__TASK PROMPT__. Give back the full listing, character for character, with no pictures.

Start of GIVEN MATERIAL

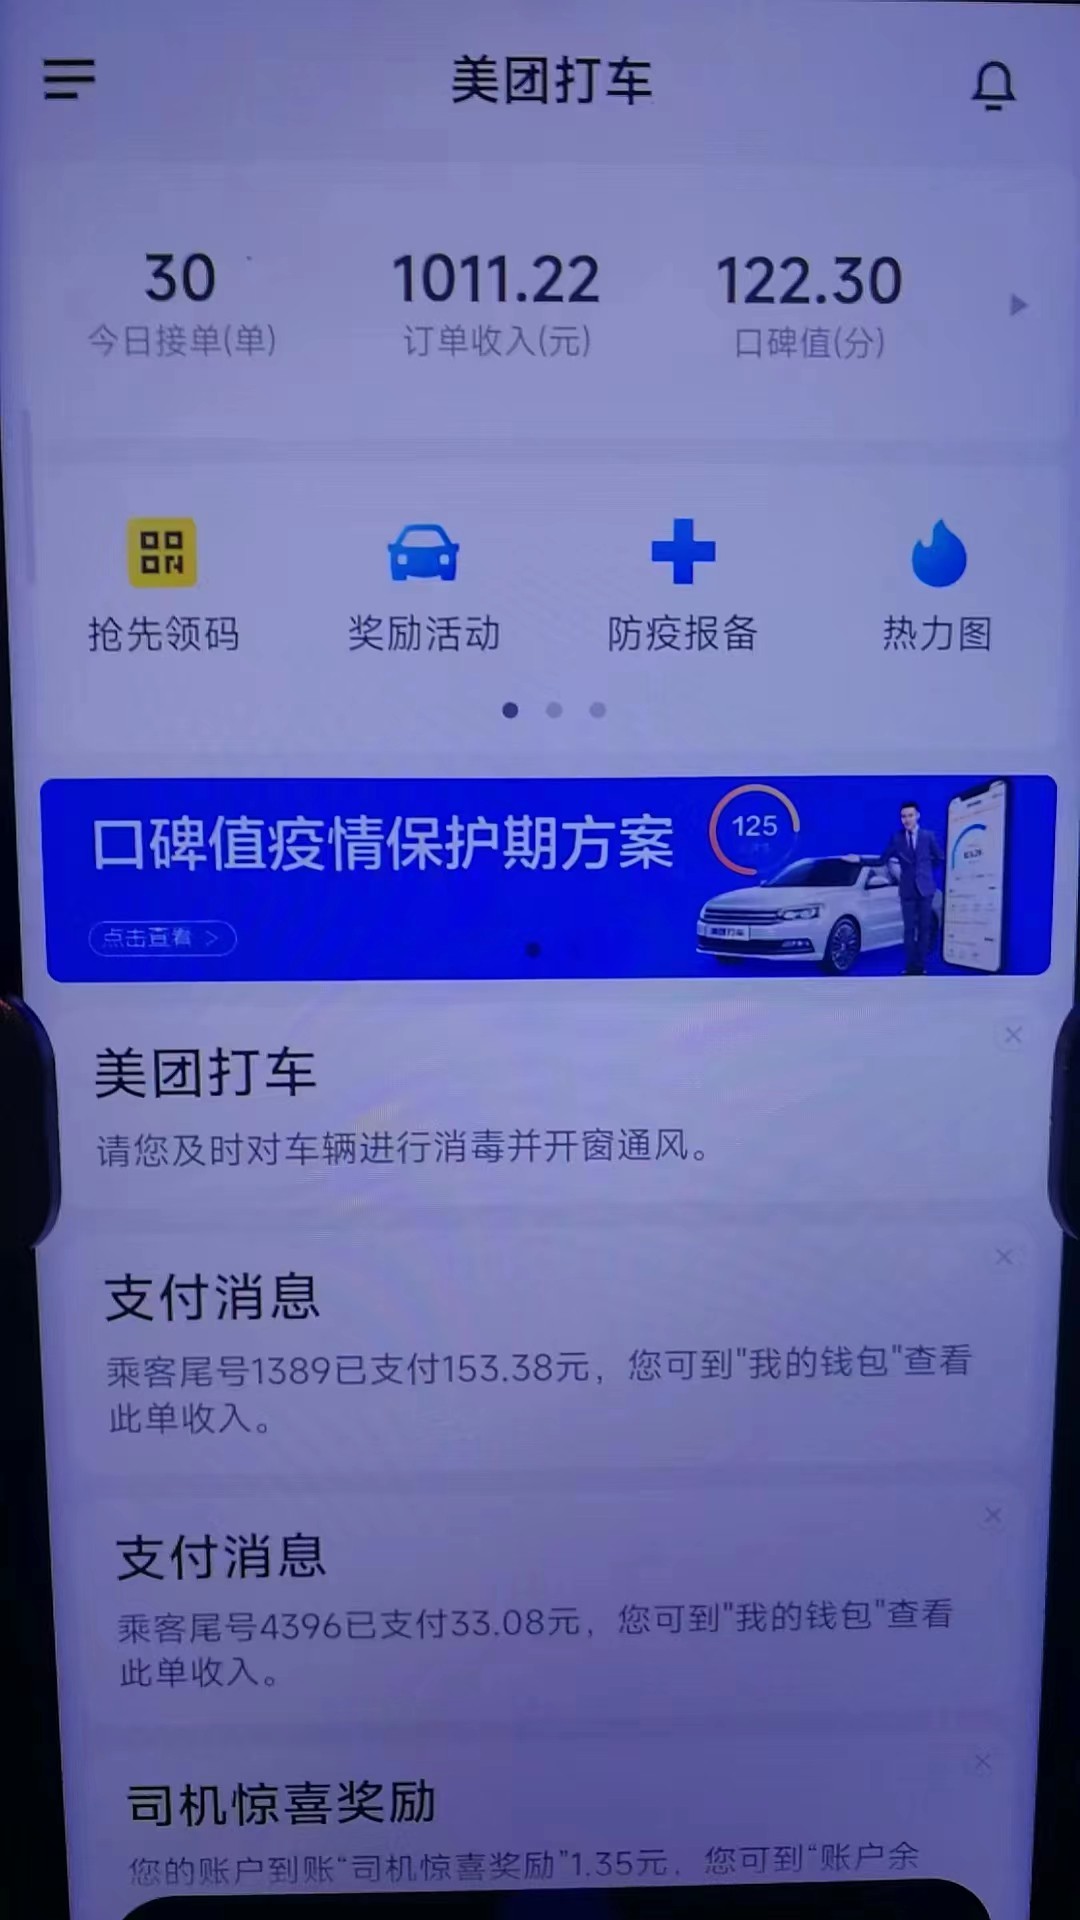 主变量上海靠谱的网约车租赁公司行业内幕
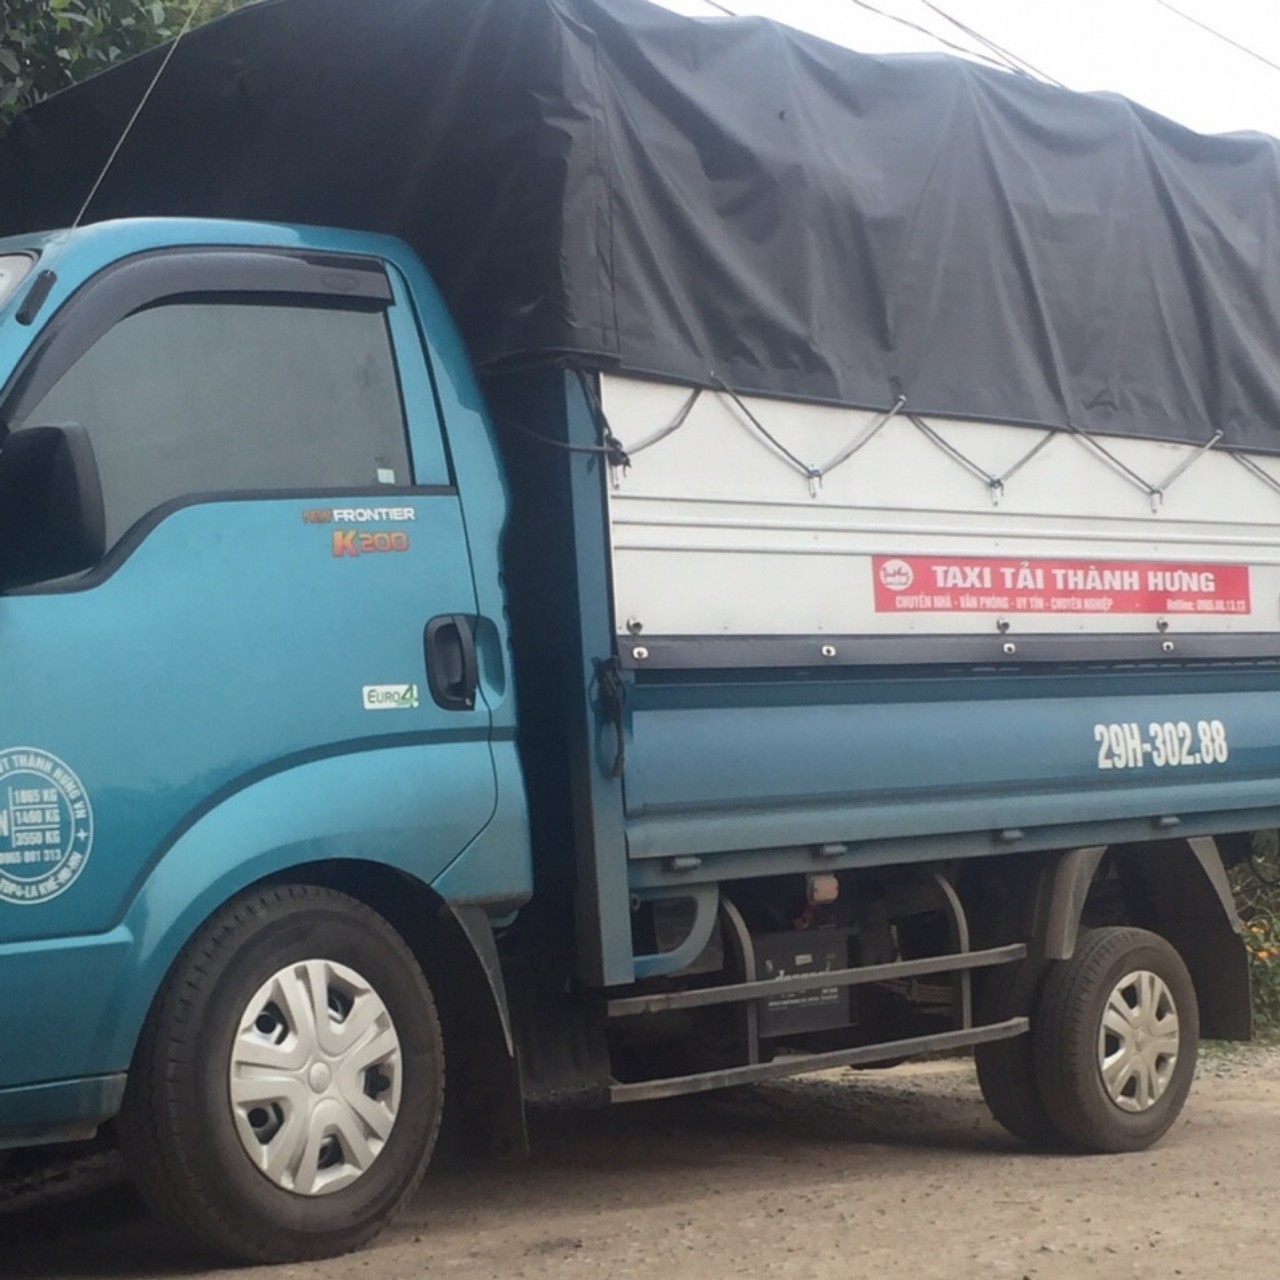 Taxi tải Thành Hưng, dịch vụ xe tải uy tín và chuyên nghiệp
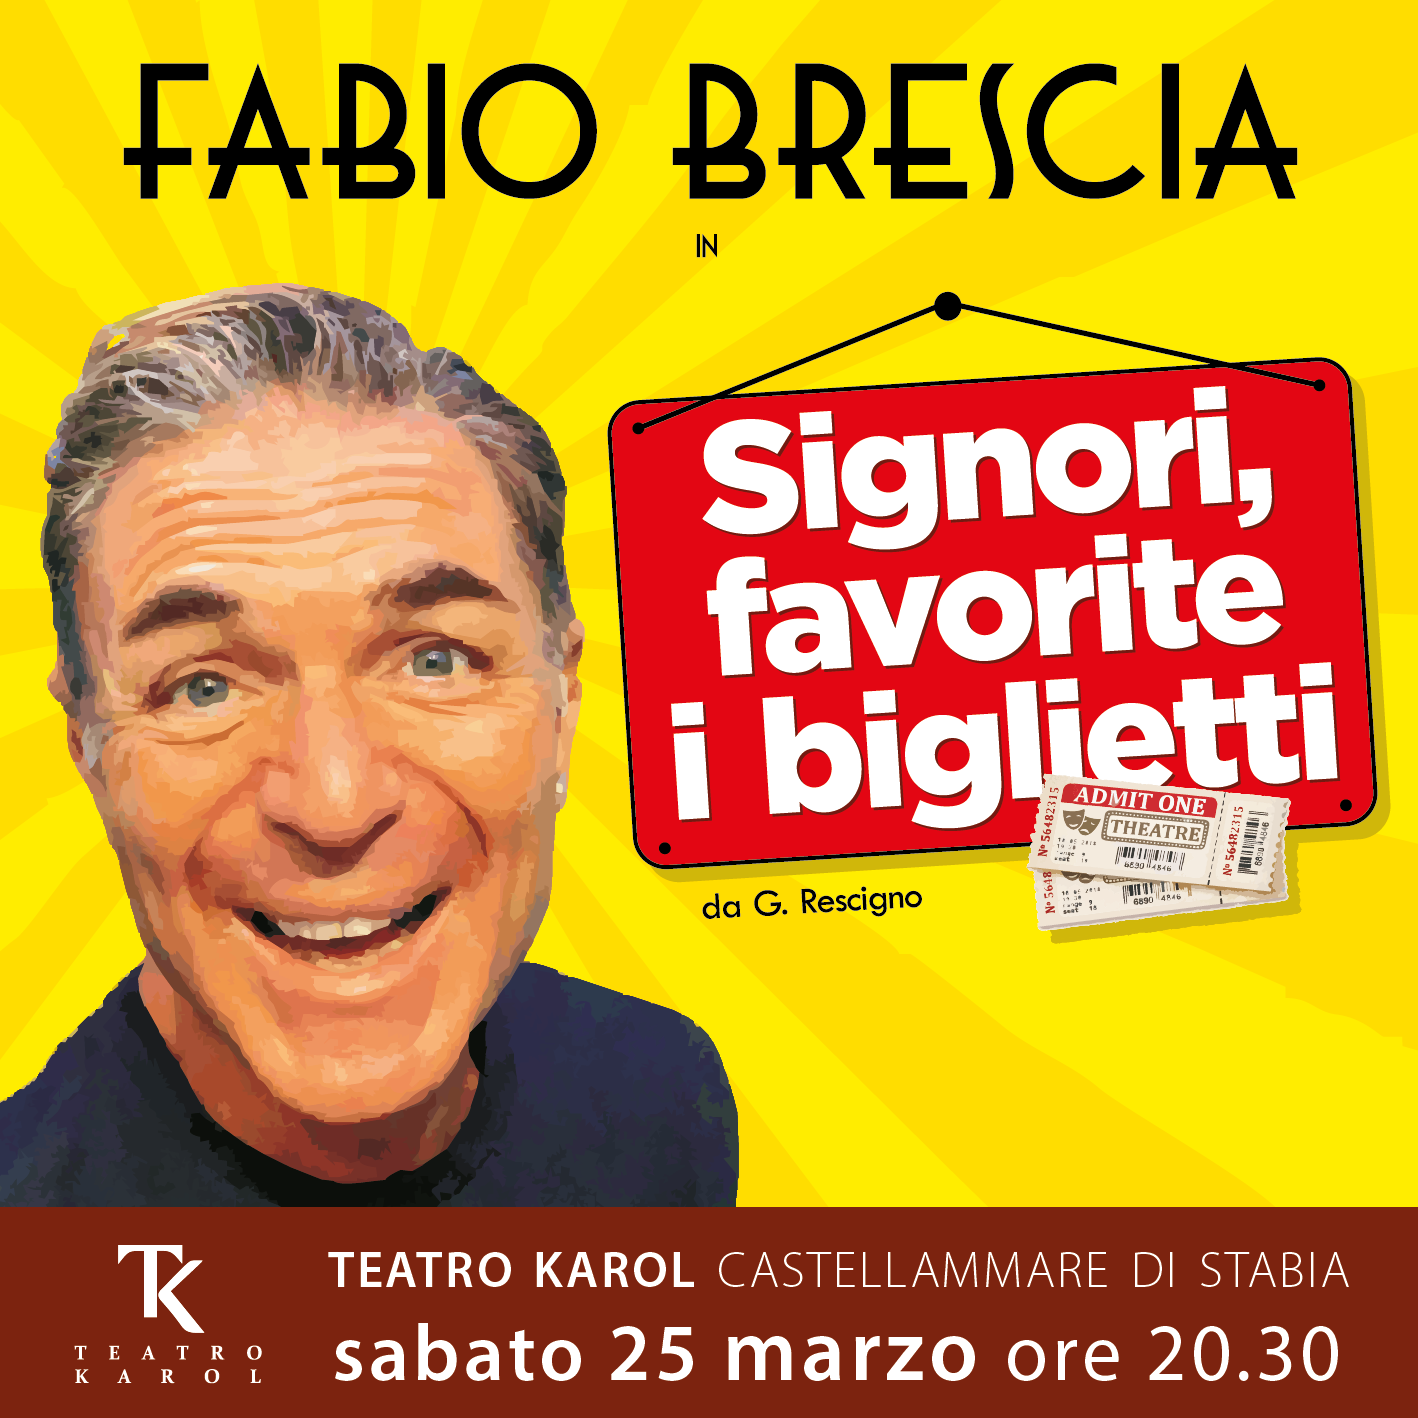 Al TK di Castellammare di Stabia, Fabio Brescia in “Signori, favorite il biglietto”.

End of GIVEN MATERIAL

__RESULT__.
 主变量上海靠谱的网约车租赁公司行业内幕
 Taxi tải Thành Hưng, dịch vụ xe tải uy tín và chuyên nghiệp
 Al TK di Castellammare di Stabia, Fabio Brescia in “Signori, favorite il biglietto”.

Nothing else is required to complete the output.